Потом всё шло, согласно протоколу: обильный стол, тосты за маэстро, за музыку, за искусство вообще… «Чёрный человек» сидел по правую руку от виновника торжества, совсем, кажется, не пил, ел мало, говорил ещё меньше. Произнёс только самый первый тост (на чем настояли Васыль и профессор). Сказал негромко, без пафоса:
– Мальчик, Господь одарил тебя талантом. Но твоей музыке недостаёт одного. Ей не хватает доброты. Я пью, Васыль, за то, чтобы твоя скрипка научилась любить и сострадать. Играй людям о любви. О ненависти они слышат каждый день.
И пригубил нарзан из бокала.
По ходу застолья внутри Ледогорова вызревало неясное беспокойство. Ему захотелось снова взглянуть на непрояснённую послушницу, которая три минуты посидела за столом, опустив очи долу и не проронив ни слова.
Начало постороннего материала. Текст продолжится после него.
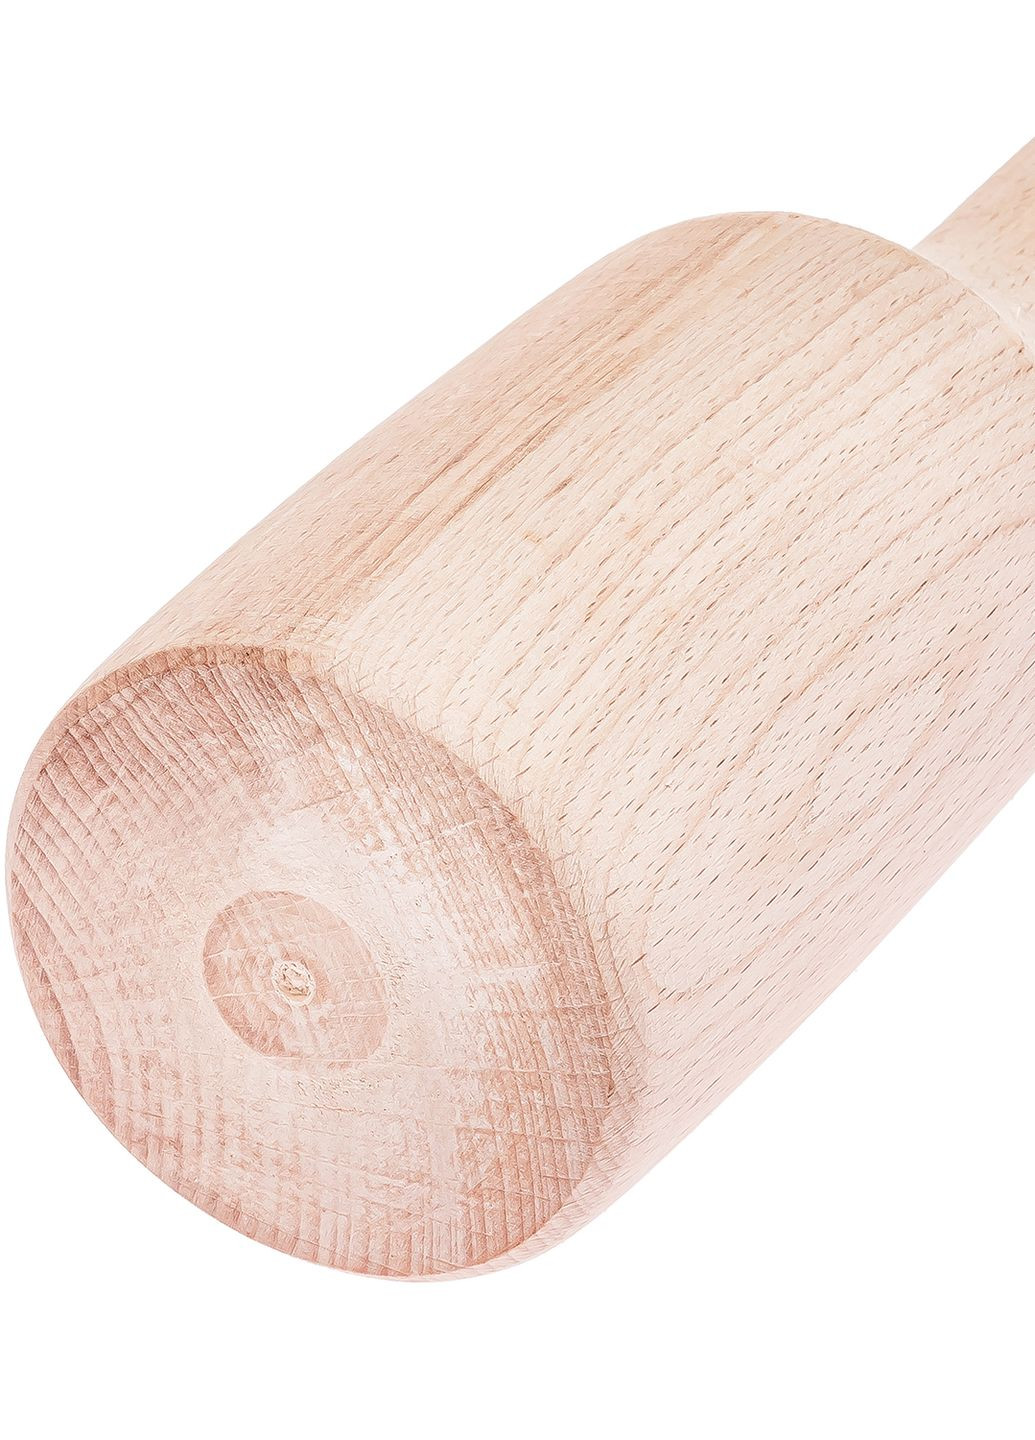 Толкушка картофелемялка фигурная средняя для картошки деревянная 30 см Woodly (274382573)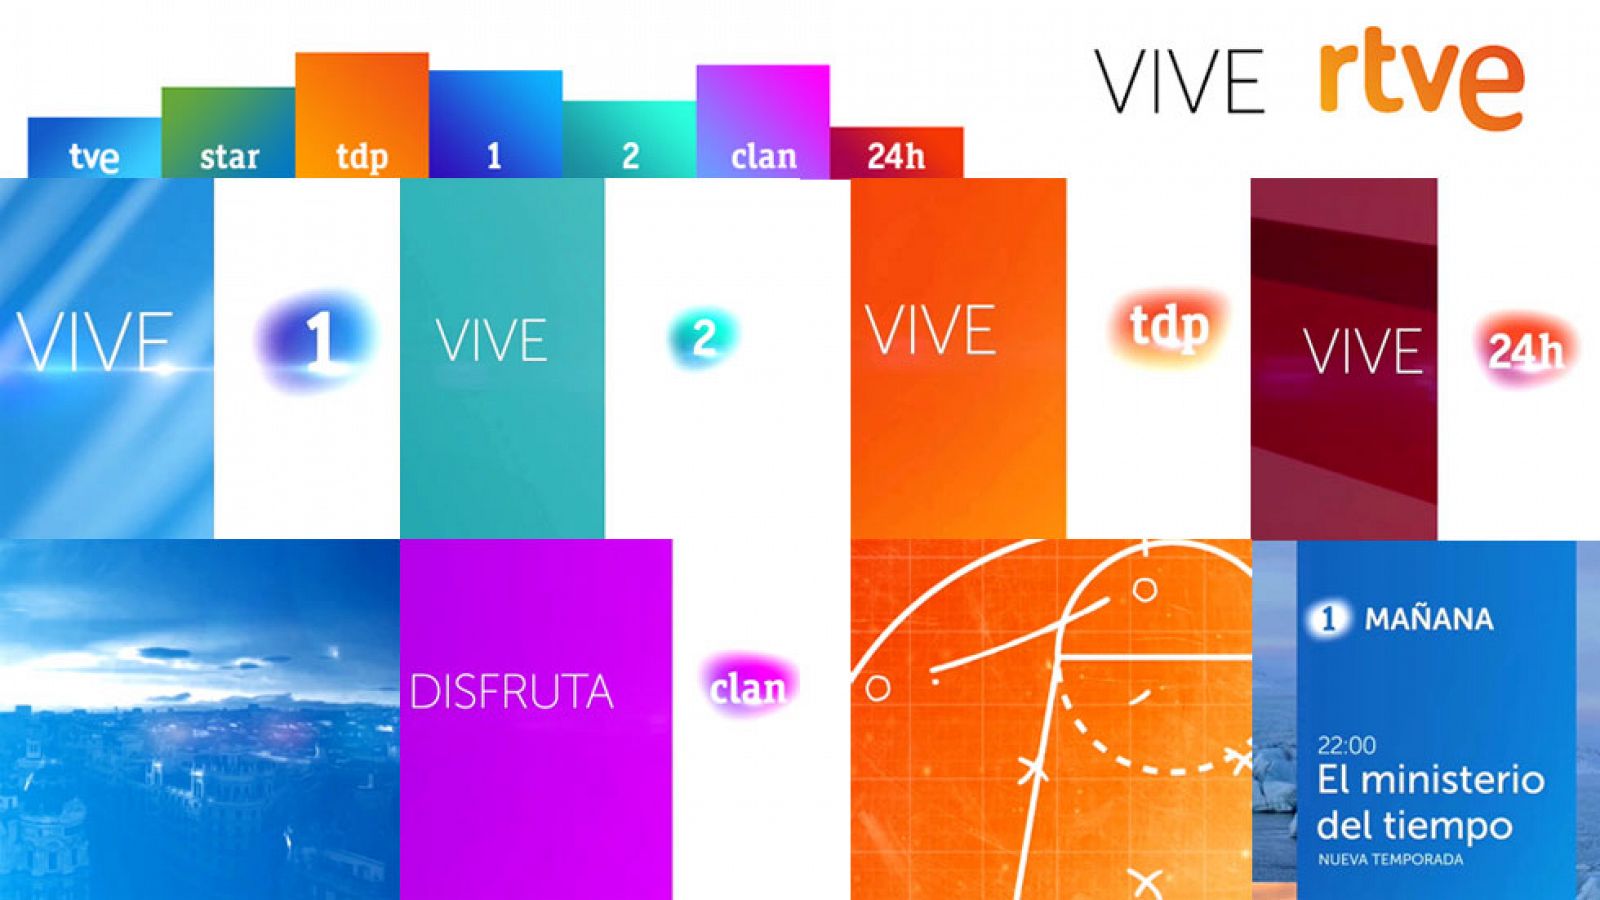 La nueva imagen de los canales de TVE quiere potenciar la imagen de grupo de RTVE, el mayor grupo audiovisual de Espaa, y acercarse al espectador y facilitar su navegabilidad por todos los contenidos, de modo que pueda tener una visin clara de todo

После чего растаяла, как призрак.
Кто же она такая, кем приходится профессору? И отчего так испугалась его, Весёлого Роджера?
Подполковник поднялся с дивана и ленивой походкой профланировал в кухню. Но там вместо искомой «монашки» обнаружил Овидия, который курил подле форточки. Ледогоров напустил на себя вид беспечного гостя, слегка расслабленного водочкой и потому отчасти бесцеремонного:
– Слушайте, Васыль! А что это за девушка мелькала, когда мы только пришли? Она что – родственница Георгию Борисовичу?
– Георгию Борисовичу она никто и звать ее никак, – процедил сквозь зубы Овидий, не поворачиваясь к собеседнику.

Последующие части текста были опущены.